The winners of our first annual MBA business-plan contest have fresh ideas, strong management skills, and money. So watch out. They could be your new rivals.

By Elaine Pofeldt Fortune Small Business

If you think it’s not a great time to start a business, you’re right. Three years after the tech market crash left the Pets.com sock puppet in the Goodwill bin, investors aren’t exactly clamoring for the next big idea. "The amount of noninvested venture capital is staggering," says Randy Swangard, director of the University of Oregon’s Lundquist Center for Entrepreneurship.

But with the job market stagnant and the image of corporate America suffering from a spate of scandals, some of the nation’s top MBA students are fearlessly choosing entrepreneurship as their most attractive career option. While there are no hard numbers available, the sense is that the startup spirit is thriving on U.S. campuses, with students launching businesses either while still in school or immediately after graduation. "Certainly the tight job market makes entrepreneurship more of a viable alternative, and that is very significant," says Clifford Schorer, entrepreneur in residence at Columbia Business School.

But instead of trying to start the next Amazon.com, many students are following a path that Michael Dell paved when he launched Dell Computer at the University of Texas. They’re creating tightly focused ventures that they can finance on their own. And we’re not just talking tech startups. Students are venturing into a wide array of fields, from running an urban recording studio to marketing organic horse manure to gardeners.

So who are the most promising young entrepreneurs to emerge in an uncertain economic climate? To find out, we launched our first annual business-plan competition, the MBA Showdown. We invited winners of the business-plan contests at top MBA programs across the U.S. to face off in a contest devoted to finding the best of the best. It soon became clear that we had some tough decisions to make. Fifty-six entries arrived from 49 schools ranging from the Haas School of Business at the University of California at Berkeley to the Wharton School of the University of Pennsylvania.
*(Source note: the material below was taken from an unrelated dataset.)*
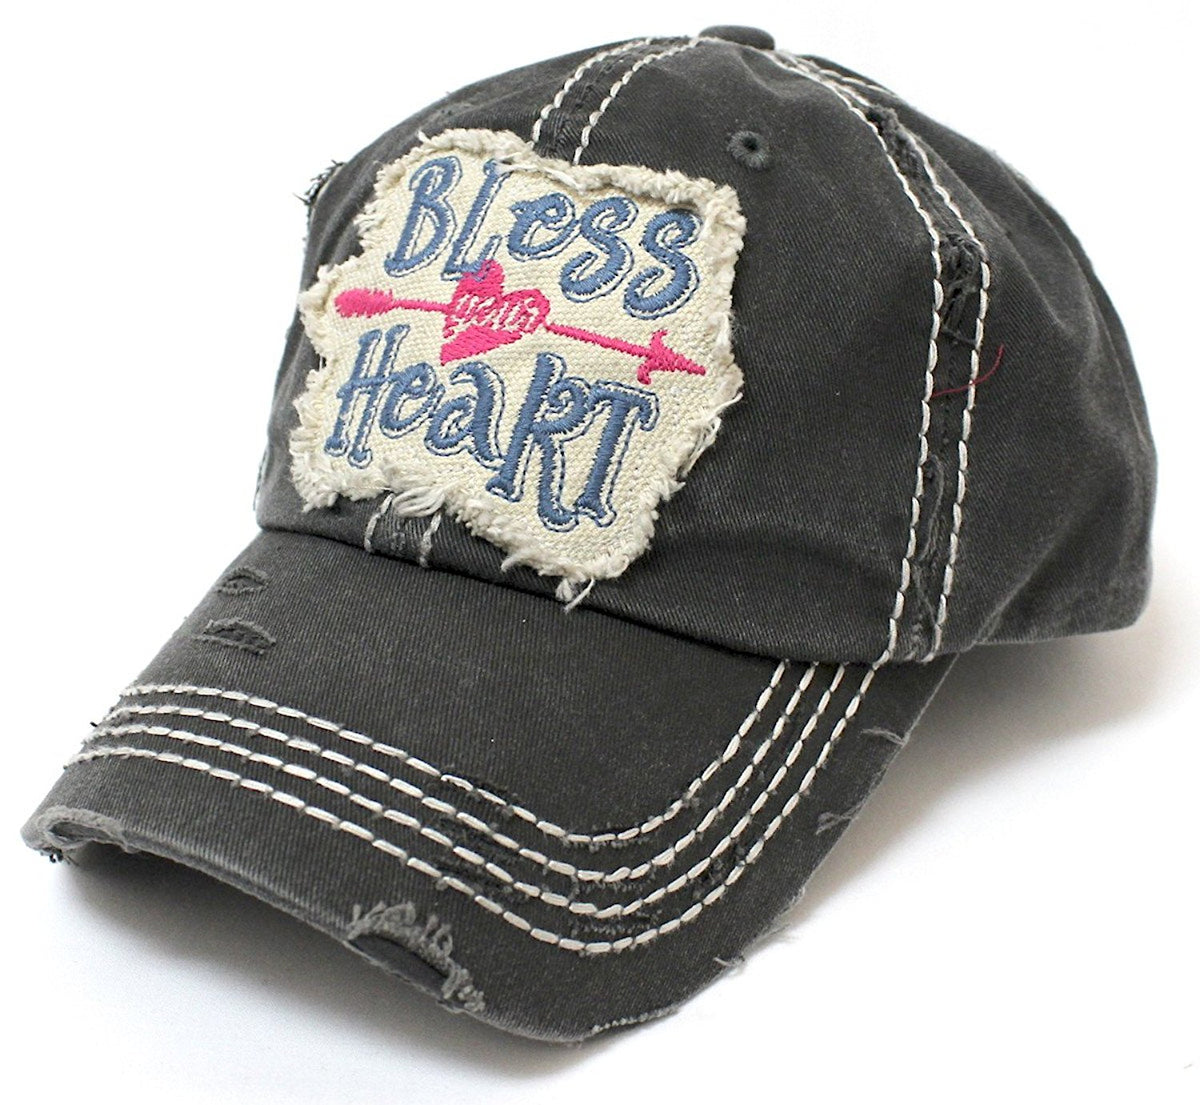 CAPS 'N VINTAGE Women's Bless Your Heart Vintage Embroidery Baseball Hat - Caps 'N Vintage

Both graduate and undergraduate students could enter, as long as they had first won a competition run under the auspices of their school’s MBA program.

Brigham Young University’s Property Solutions emerged as the first-place winner, with new software for property managers. KidSmart, a startup from the University of Georgia that designed a smoke detector for children, came in second. The third-place team, Harvard Business School’s Jadoo Power Systems, develops fuel-cell batteries.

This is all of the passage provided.